Stocked trout are suckers for them, but even wild trout will gladly snack on them if you correctly put it in front of them most of the year. Several different egg imitations and sizes are available for fly anglers to fish with. Y2K’s, glow bugs, sucker spawn and nuke eggs are just a few of the variations out there. I’m all for using these effective egg patterns on the water, but there’s one very important thing fly fisherman need to understand about fishing egg patterns, and it needs to be respected. When trout eat egg patterns, they usually do so with total abandonment, and if you’re not quick to set the hook, you’ll find trout will end up getting hooked deep in their throat or gills a high percentage of the time.
I’ve noticed this a lot over the years with the clients I guide. They’ll be asleep at the wheel during their drift, and the strike indicator will bounce three or four times, and then take off before they finally get around to setting the hook. If you’re going to fish egg patterns, do the fish a favor and be ready to set the hook at the first sign of a bite, no matter how subtle it is. This will greatly cut down on your egg patterns being swallowed by the fish in the process, and you’ll be practicing respectful catch and release. If you aren’t willing to take this approach, keep your egg patterns stowed away in your fly box.
Some of you may be saying, “wait a minute Kent, it’s reasonable to think the same thing could happen with other fly patterns if you wait too long to set the hook, right?” Yes, but I’ve found the frequency of it happening is far less than when you’re fishing egg patterns. Just the other day on the water, I put this very argument to the test. My client had a banner day. We landed a great number of fish, of which, many came on our nuke egg dropper. My client was doing a brilliant job of making good presentations and fighting the fish, but he was regularly setting the hook too slow. The delayed hook sets contributed to multiple eggs being swallowed and/or hooked deep in the throat by the trout. I had no choice but to snip the flies off, or risk injuring the trout further trying to remove the fly.

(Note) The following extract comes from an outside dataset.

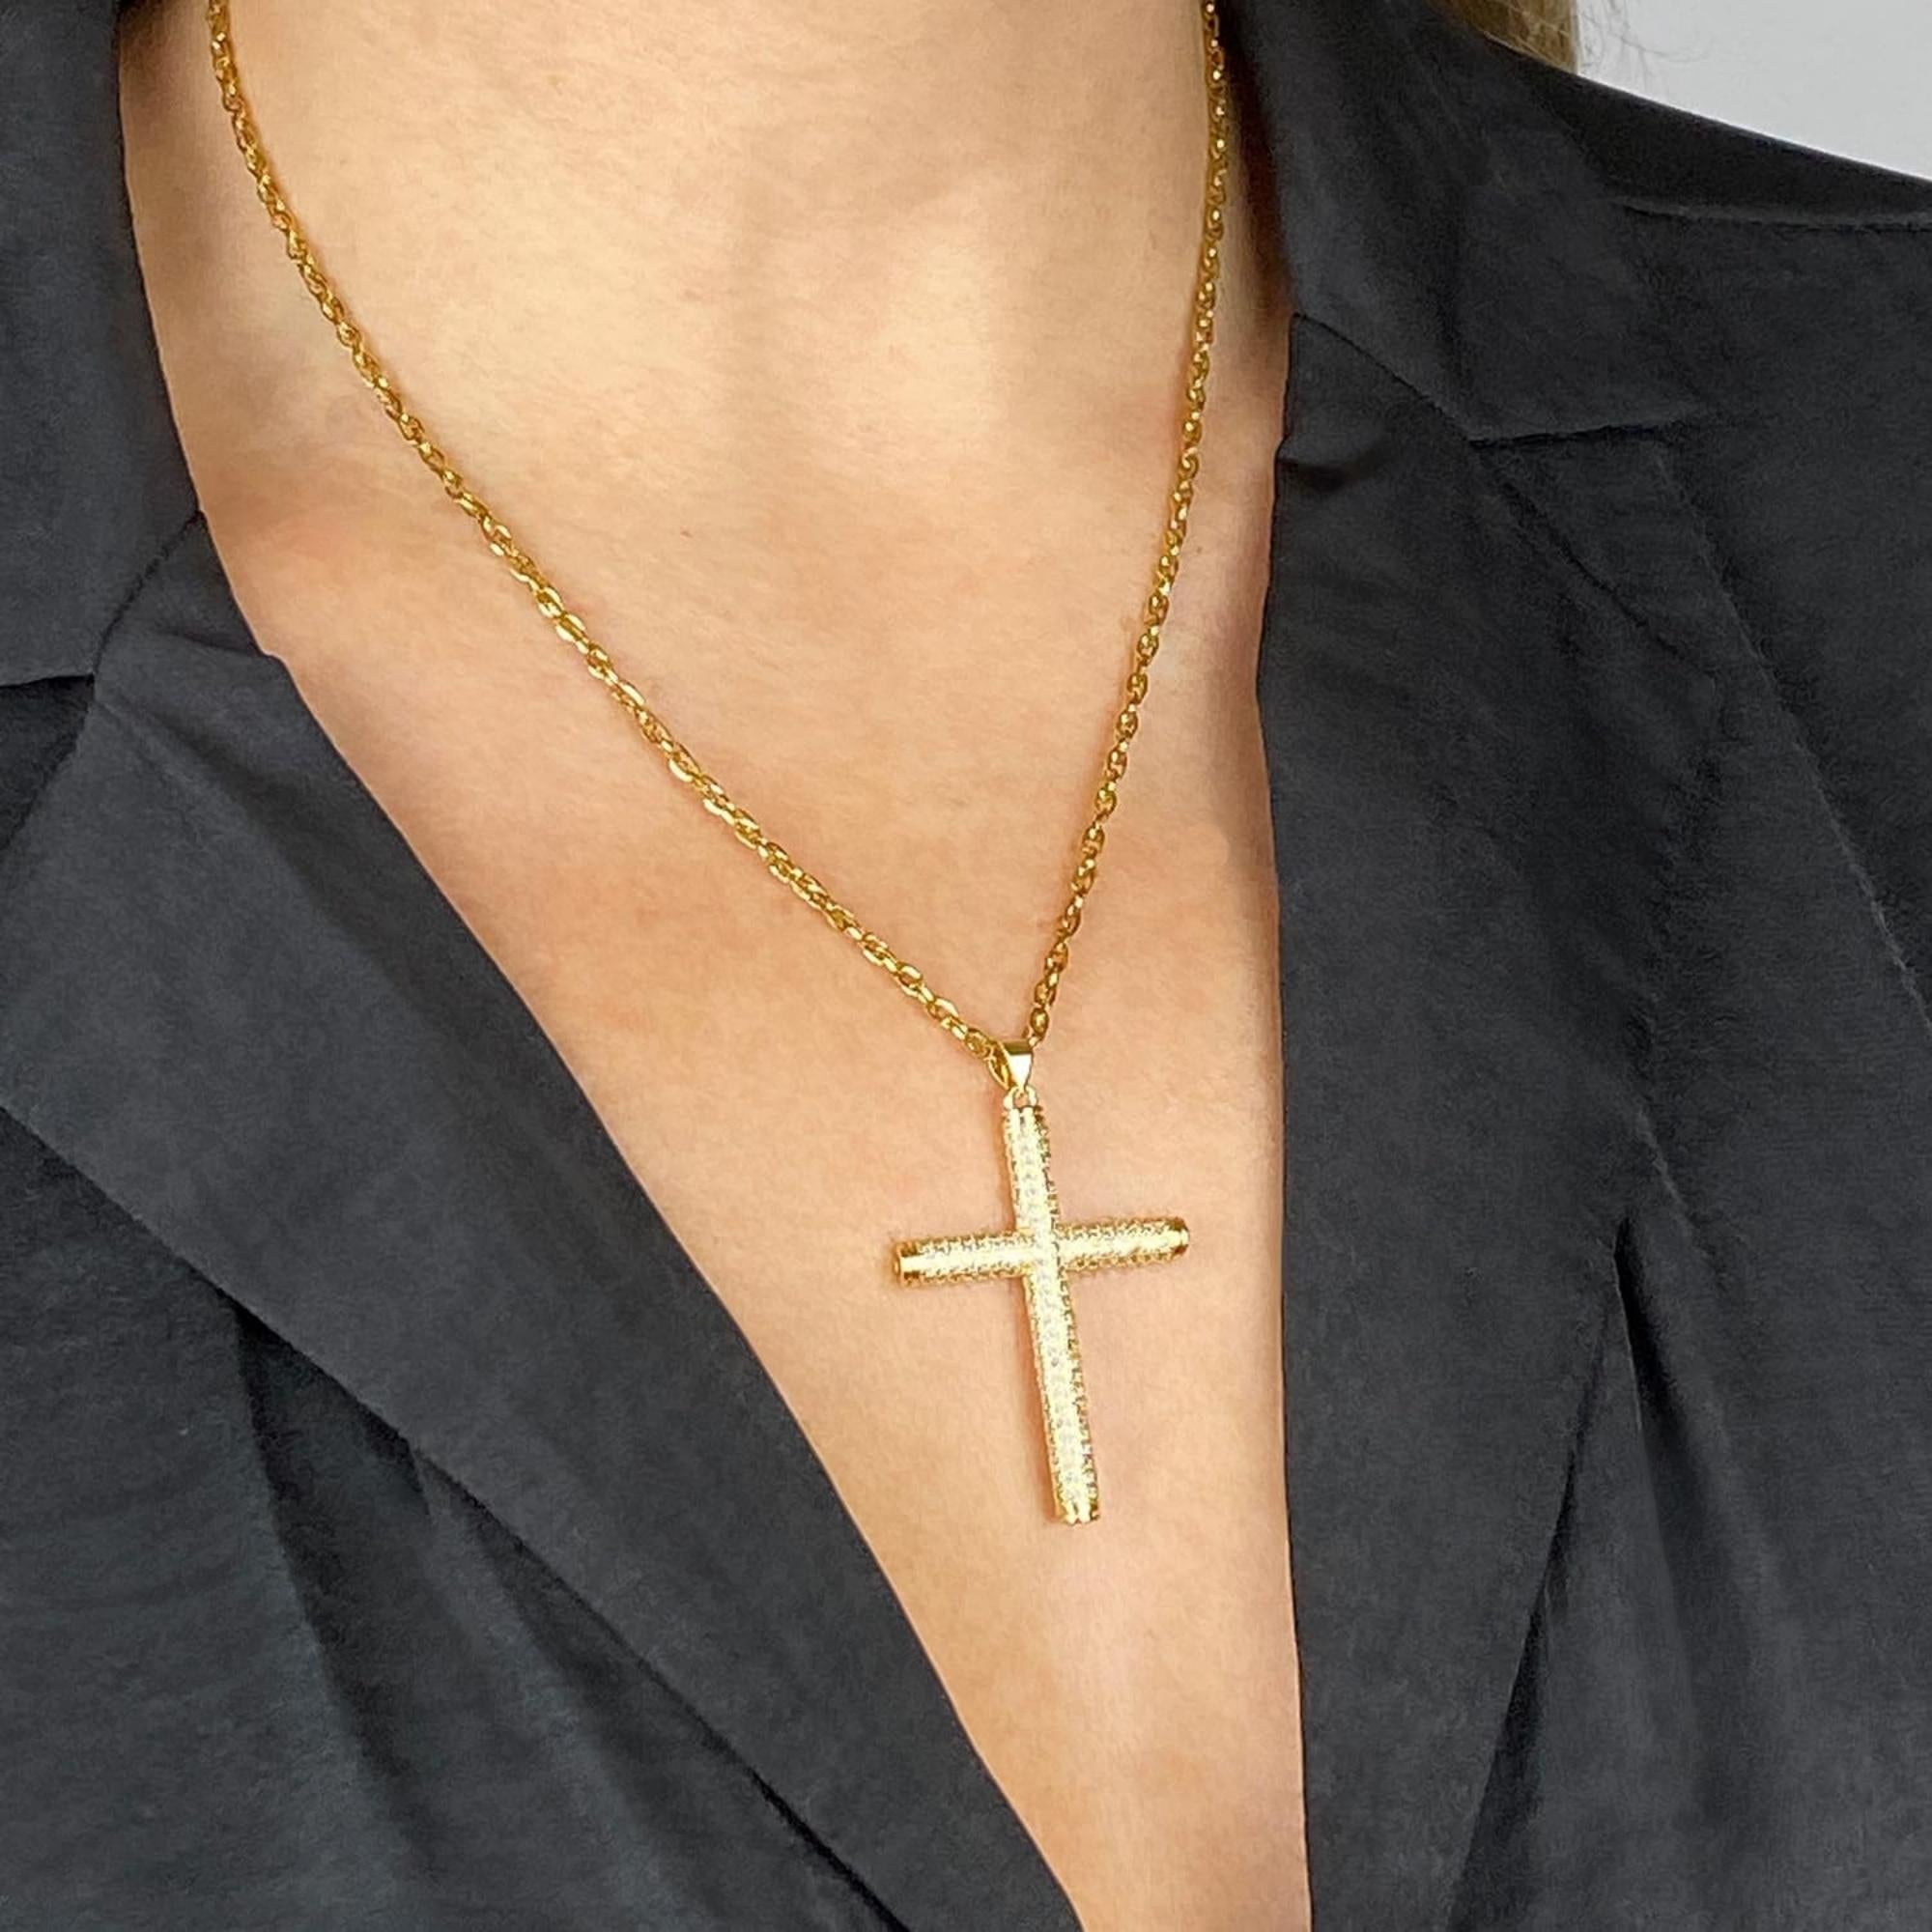 BEST SELLER Cross Necklace Women Small Gold Filled Crystal Crosses Pendant  Girls Womens Minimalist Necklaces Delicate Chain - Etsy | Diamond cross  necklaces, Diamond cross, Cross necklace

After a while, I decided to stop fishing the egg patterns all together, and informed my client it wasn’t anything personal, but the slow hook sets were causing us to harm the fish, and since we respected the trout so much, we needed to stow them away for the remainder of the day. My client agreed 100%. He had already landed plenty of fish, and he admitted it was a serious problem we needed to eliminate. So I took off the egg dropper, tied on a soft-hackle and we continued fishing. Bites came, slow hook sets remained, but every fish we landed in the net had the soft-hackle lodged directly in the corner of the trout’s mouth, not in the throat. If this isn’t strong evidence on how differently trout take eggs over other fly patterns, I don’t know what is.
Maybe we can Rig our egg patterns like our trout beads
Lastly, I’m going to start experimenting with rigging my egg patterns similar to how I rig my trout beads pegged above a bare hook. My hopes is that it will decrease the chances of gut hooking trout rigging them this way. I’ll try cutting off the hook on my egg pattern and tying it onto my tippet, but I’ll leave a long tag after tying my knot. I’ll then use the tag to tie on a small scud or egg hook (size 14), securing the hook about 2 – 2 1/2″ inches below my hookless egg. I’ll be reporting back with a comment in about a week to let you know if it performs the same as my trout bead rig, where a trout eats the bead and when we set the hook, it slides the bare hook into the corner of the trout’s mouth.
Remember this post next time you’re fly fishing for trout with egg patterns. Keep your eyes on the strike indicator at all times and set the hook the instant it signals a possible strike. The fall and winter are great times of the year to fish egg patterns. Spawning fish put them on the daily food menu of trout and the cold water temperatures seem to increase their effectiveness further.